*DATA SUPPLIED*:
━━━━━━

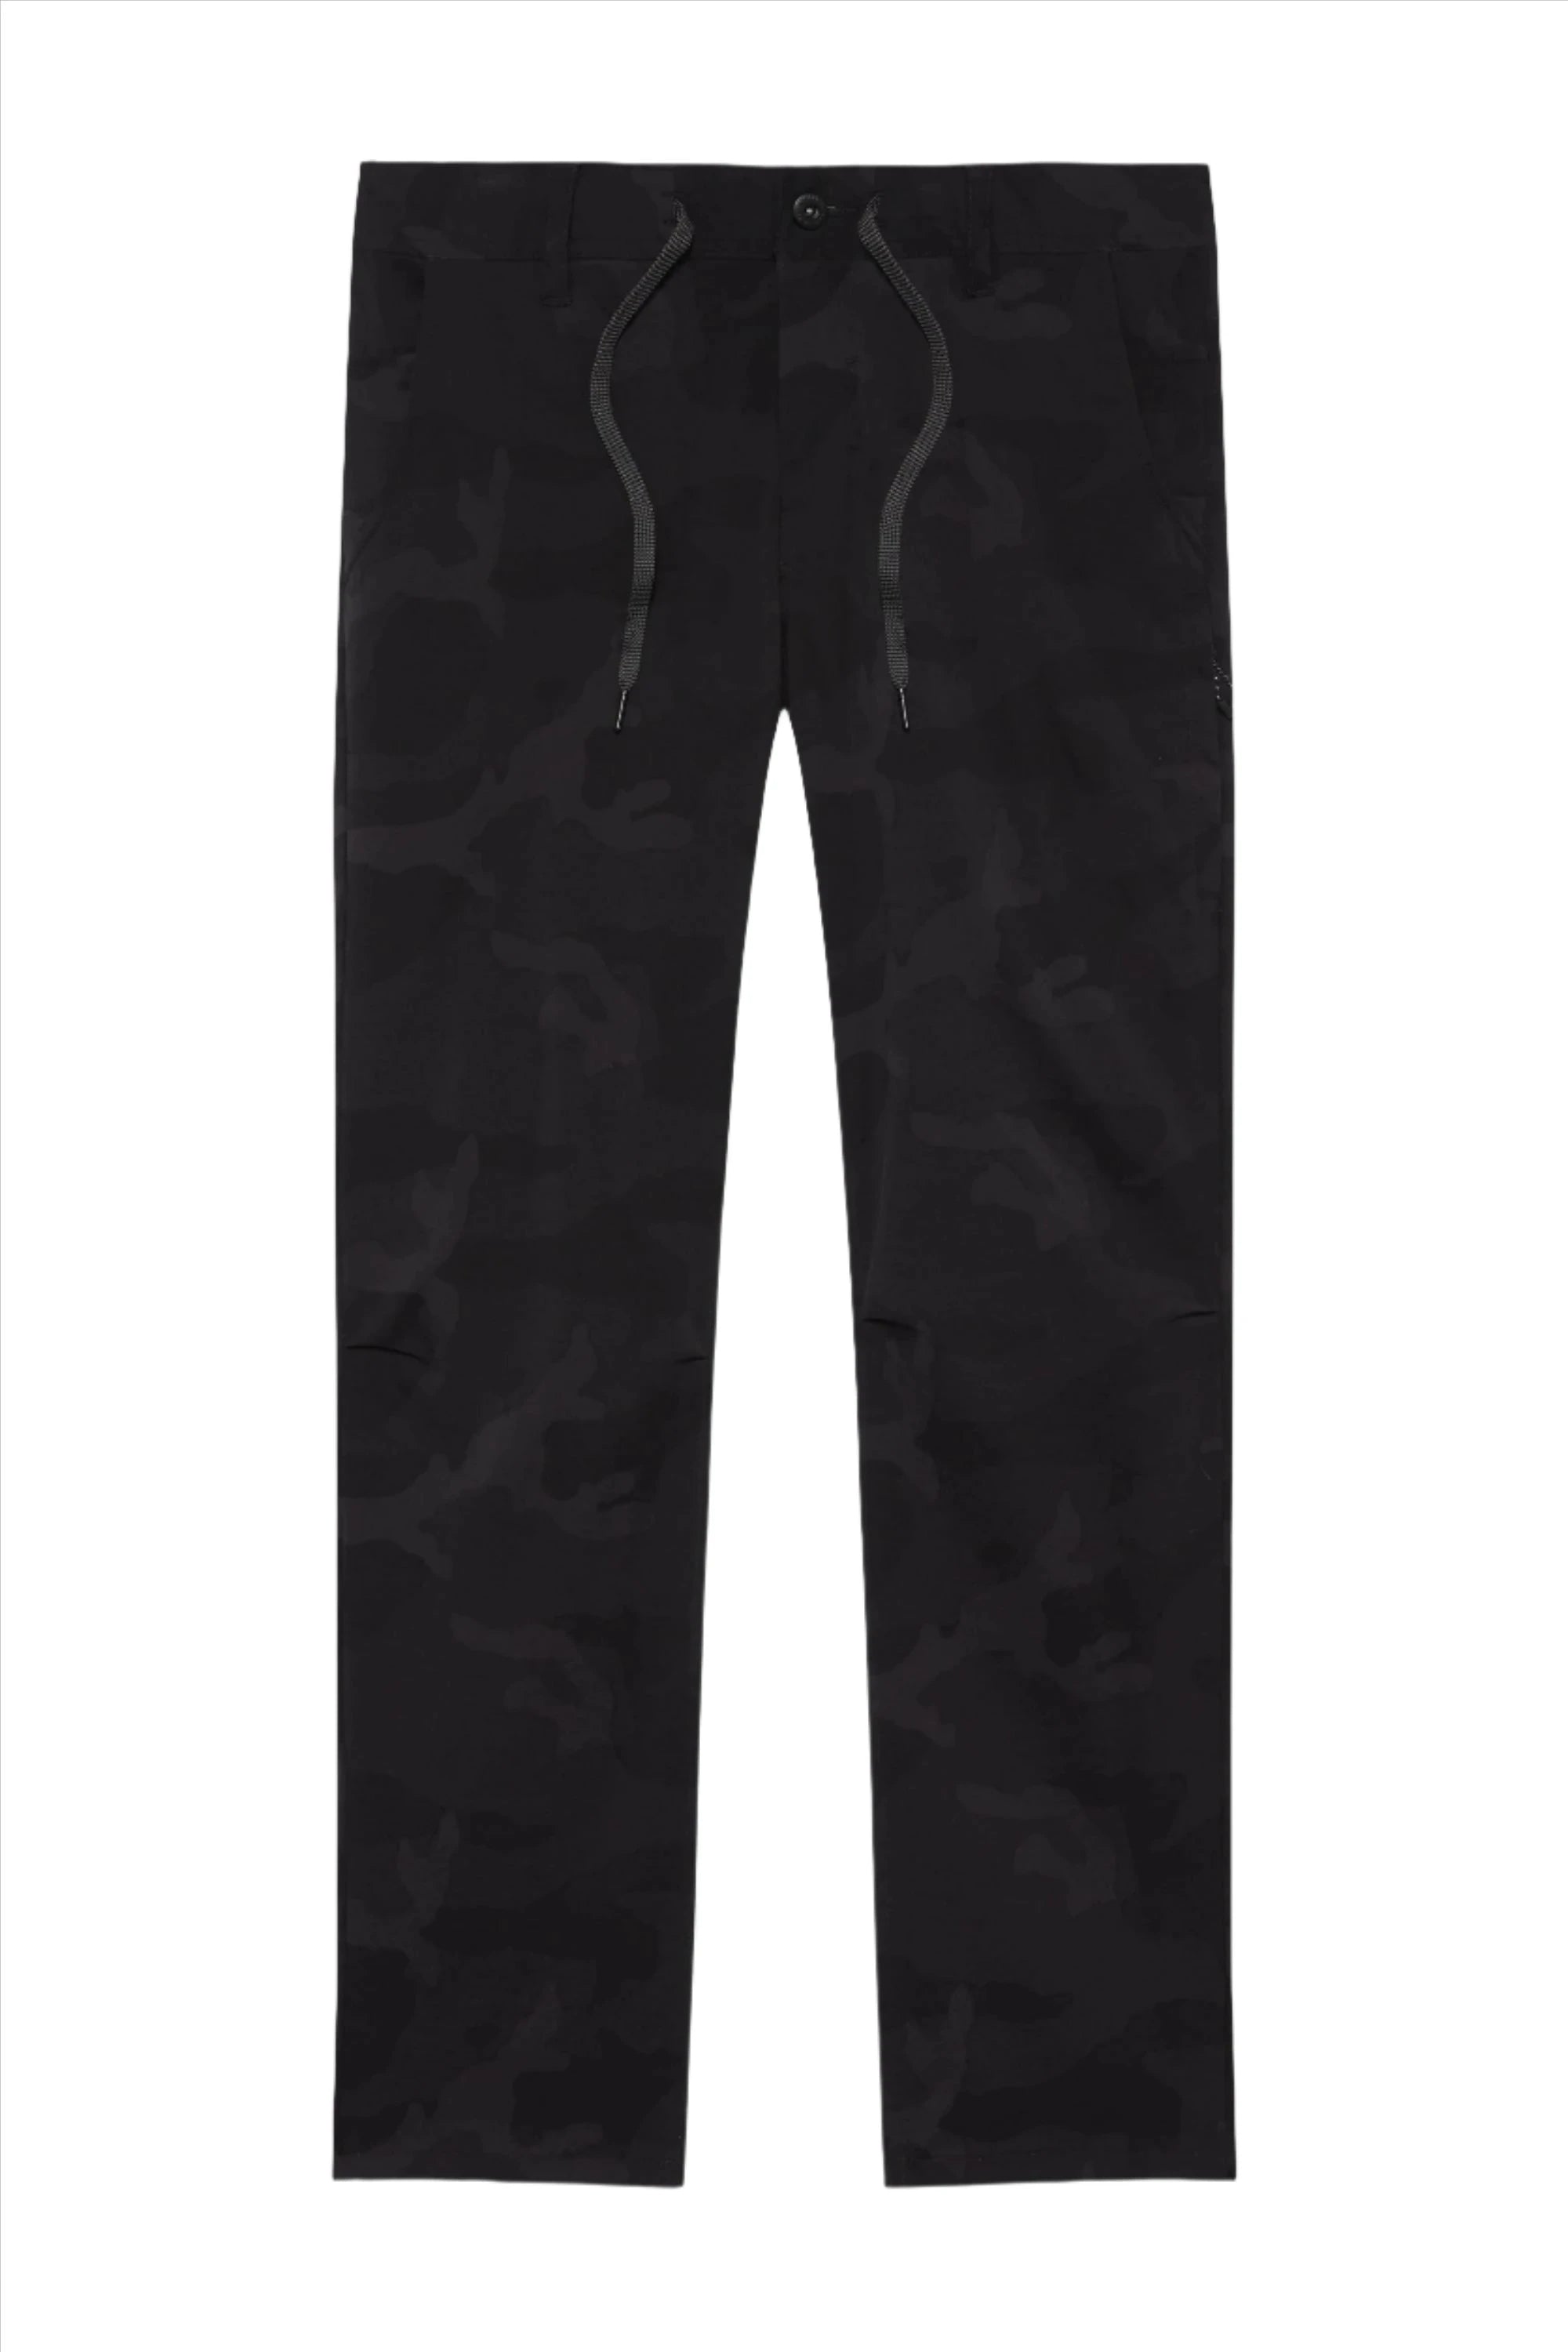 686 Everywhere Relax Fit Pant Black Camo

━━━━━━

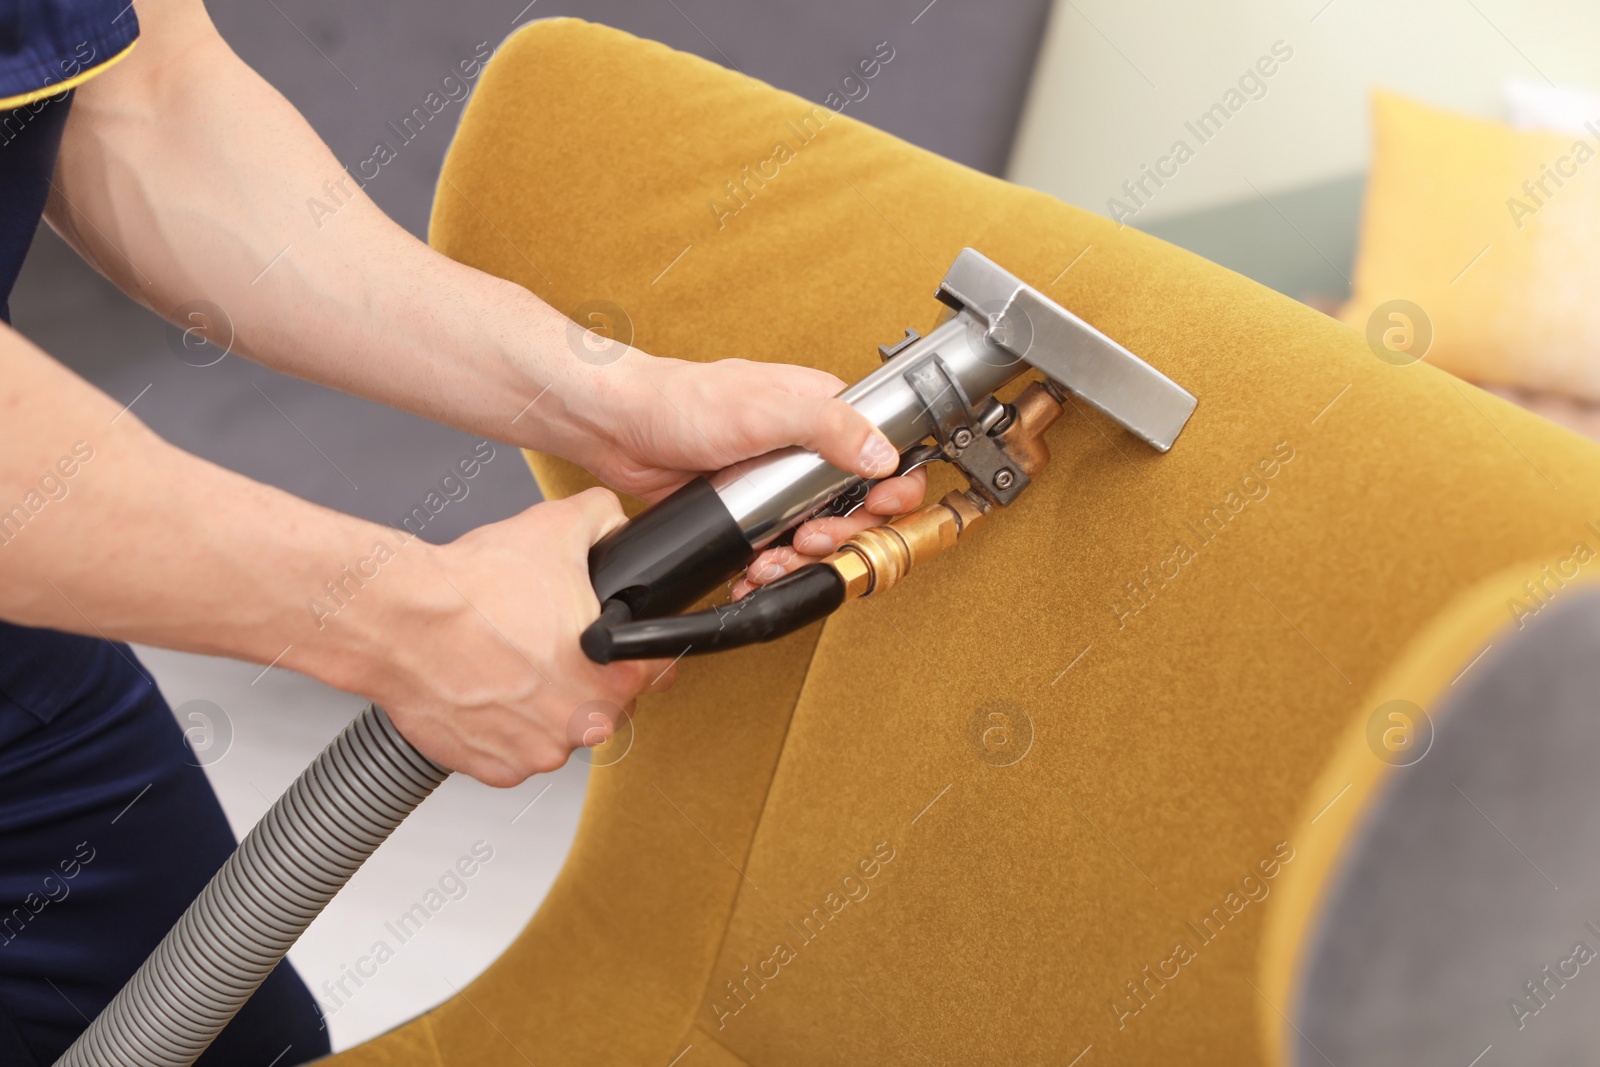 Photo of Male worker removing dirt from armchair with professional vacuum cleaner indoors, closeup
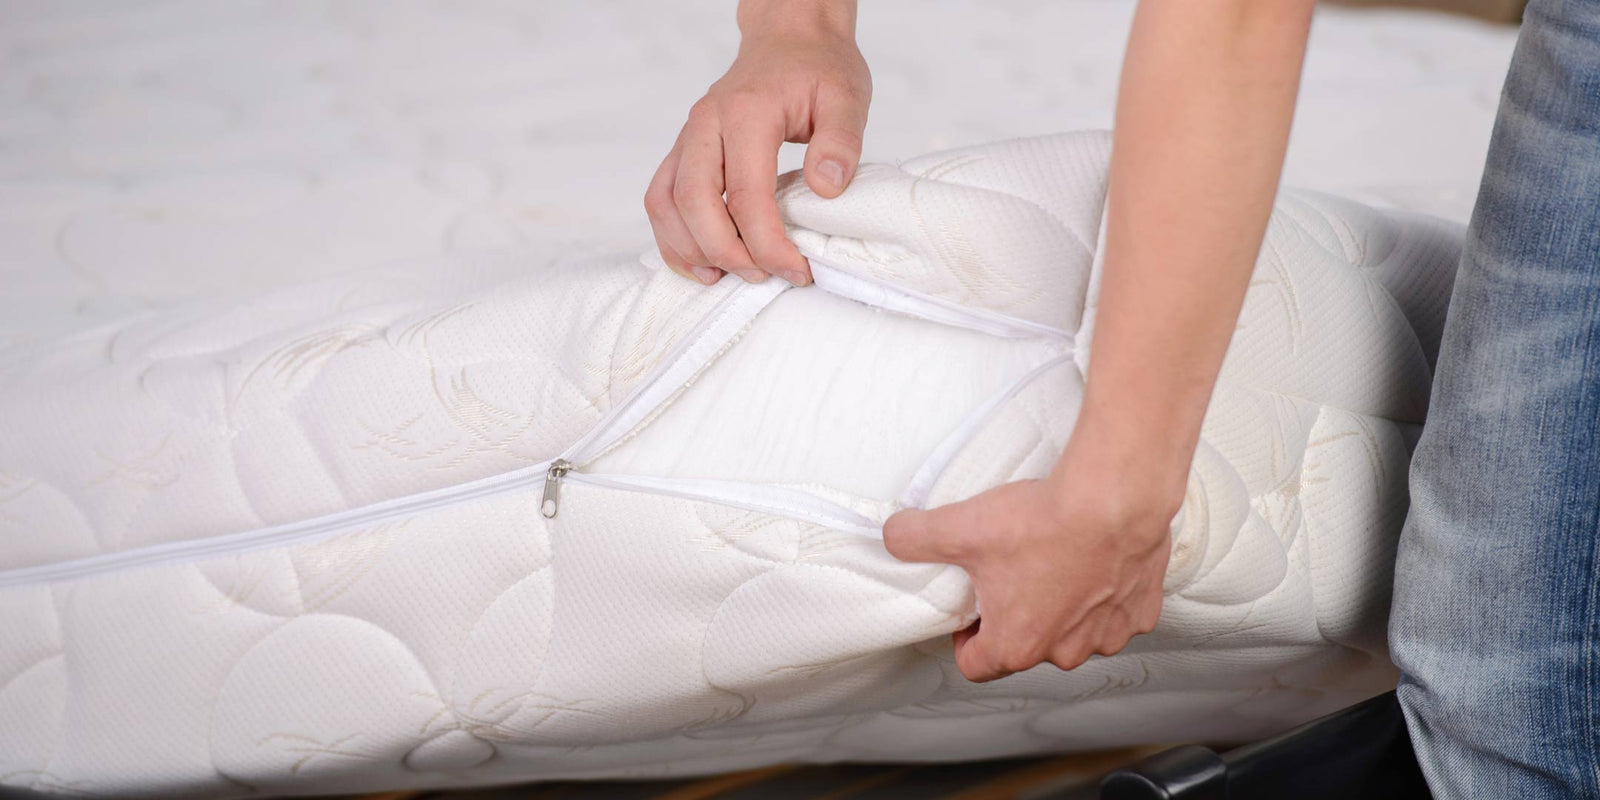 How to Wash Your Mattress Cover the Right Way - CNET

━━━━━━

*WORK REQUIRED*: Nothing but the lines above, starting at the line that contains "Photo of Male" and ending at the line that contains "How to Wash", should be given again, exactly and without the pictures.

*OUTPUT*:
 Photo of Male worker removing dirt from armchair with professional vacuum cleaner indoors, closeup
 How to Wash Your Mattress Cover the Right Way - CNET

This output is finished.